Anchoring the physical map
The INRA bovine BAC library was screened by PCR using published microsatellite primer pairs (see BovMap database ) as previously described .
In collaboration with the Genoscope, we produced 53,550 BES from 26,935 INRA BAC clones and we collected another 28,468 BES from the CHORI-240 library via Genbank. Similarities with the human sequence (NCBI built 35) were searched for by BLASTN after repeatmasking () We used an expectation value E of 10-5 as the significance threshold for comparisons, since this value was shown to provide 95% accuracy in identifying orthologs . Coordinates in the human sequence were then obtained for each retained hit using GoldenPath . After localizing microsatellites in the bovine scaffolds by BLASTN analysis, the position of the bovine scaffolds on the human sequence were determined using BLASTN with parameters set to optimize detection of distant homologies (Ensembl BLASTView: W9, M1, N-1, Q2, R1).
Searching for particular sequence features in breakpoint regions
Evolutionary breakpoint regions between two species were defined as the interval between two segments of conserved gene order. As illustrated in the left part of Figure 1, breakpoint regions were classified into four categories, based on the human alignment:
- BTA breakpoints, having probably taken place in the bovine lineage, when a perfect co-linearity is observed between human and mouse maps, but not with the bovine map. (Figure 1a: the breakpoint region is identified only in cattle).
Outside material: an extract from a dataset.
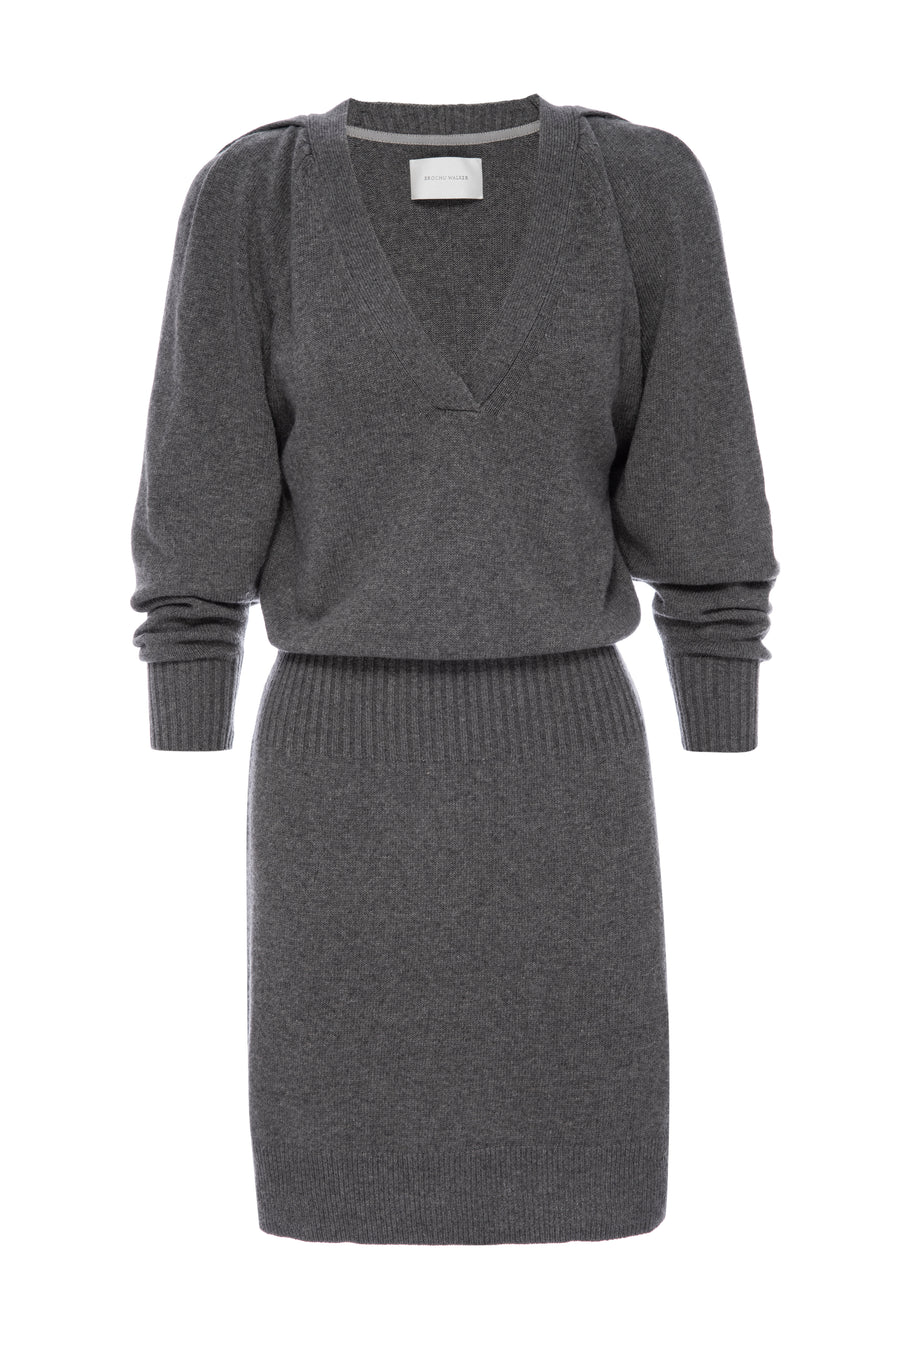 Idris mini grey sweater dress flat view
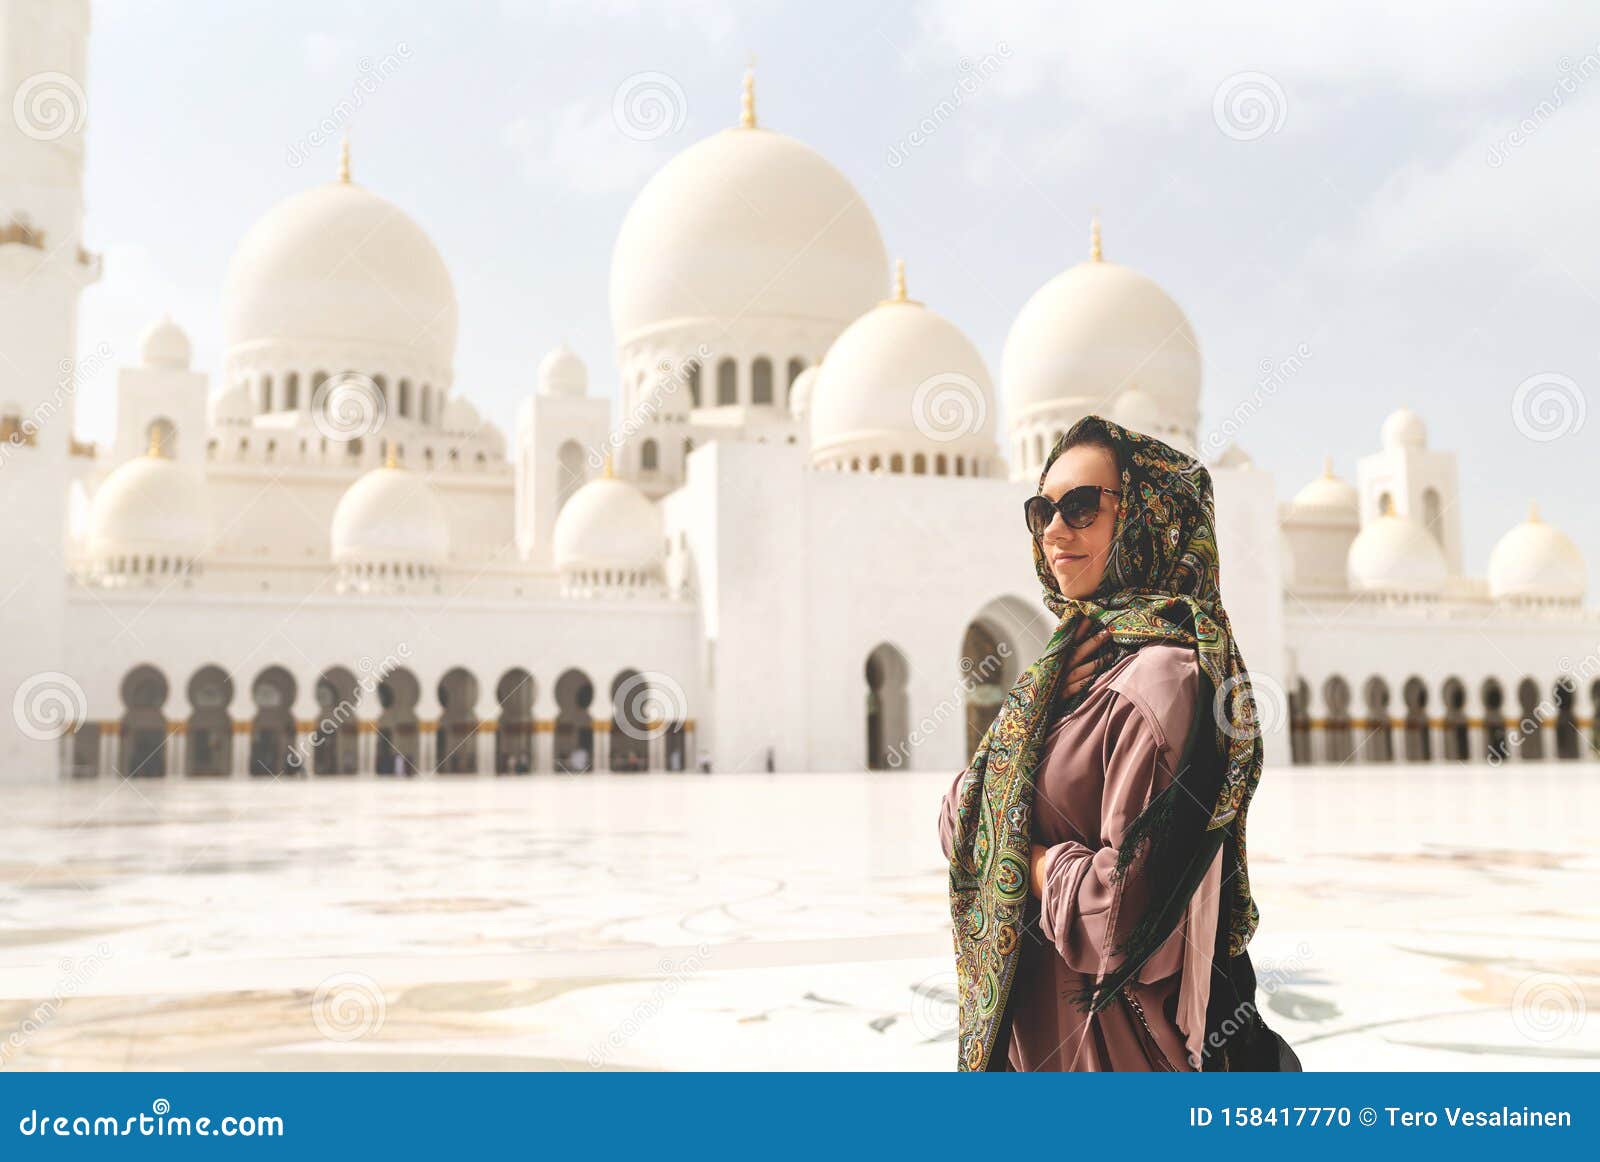 woman tourist in abu dhabi

- MMU breakpoints, having probably taken place in the mouse lineage, when a perfect co-linearity is observed between human and bovine maps, but not with the mouse map (Figure 1b: the breakpoint region is detected only in mouse).
- HSA breakpoints, having probably taken place in the human lineage, when no co-linearity is observed among human, mouse or bovine maps. (Figure 1c: the breakpoint region is identified both in cattle and mouse).
- TeloCentro, when either telomeres or centromeres are involved in the breakpoint (Figure 1d).
The same classification was also performed based on the mouse alignment (right part of Figure 1). When identical breakpoint regions fell into different categories according to the human or mouse alignments (Figure 1e), they were discarded from the global analysis because they could represent regions of breakpoint reuse. Breakpoints involving centromeres or telomeres were likewise discarded because these regions may be poorly represented in the genome assemblies and rearrangements may have been mediated by centromeres or telomeres, independently of the repeats we wanted to analyze.
Human and mouse chromosome masked sequences (chromFaMasked.zip) and repeat annotations (chromOut.zip) were downloaded from UCSC .
The density (number of repeat per Mb of DNA) of each class of repeats was computed for each kind of breakpoint region. Likewise, densities were also computed along each chromosome in sliding windows of different sizes (0.5, 1, 2, 3, 4 and 5 Mb). The proportion of densities, in these sliding windows, greater than the density in each repeat region was then computed for each class of repeats. These calculations were performed using sliding widows of a size range similar to the breakpoint region size.
Enrichment was tested by applying the one-sample Kolmogorov-Smirnov test to these proportions (distribution under the null-hypothesis is uniform on [0,1]) and using the R software.
Classification results, positions on human and mouse sequences, repeat densities and proportions of frequencies are available as supplementary data (break_supp).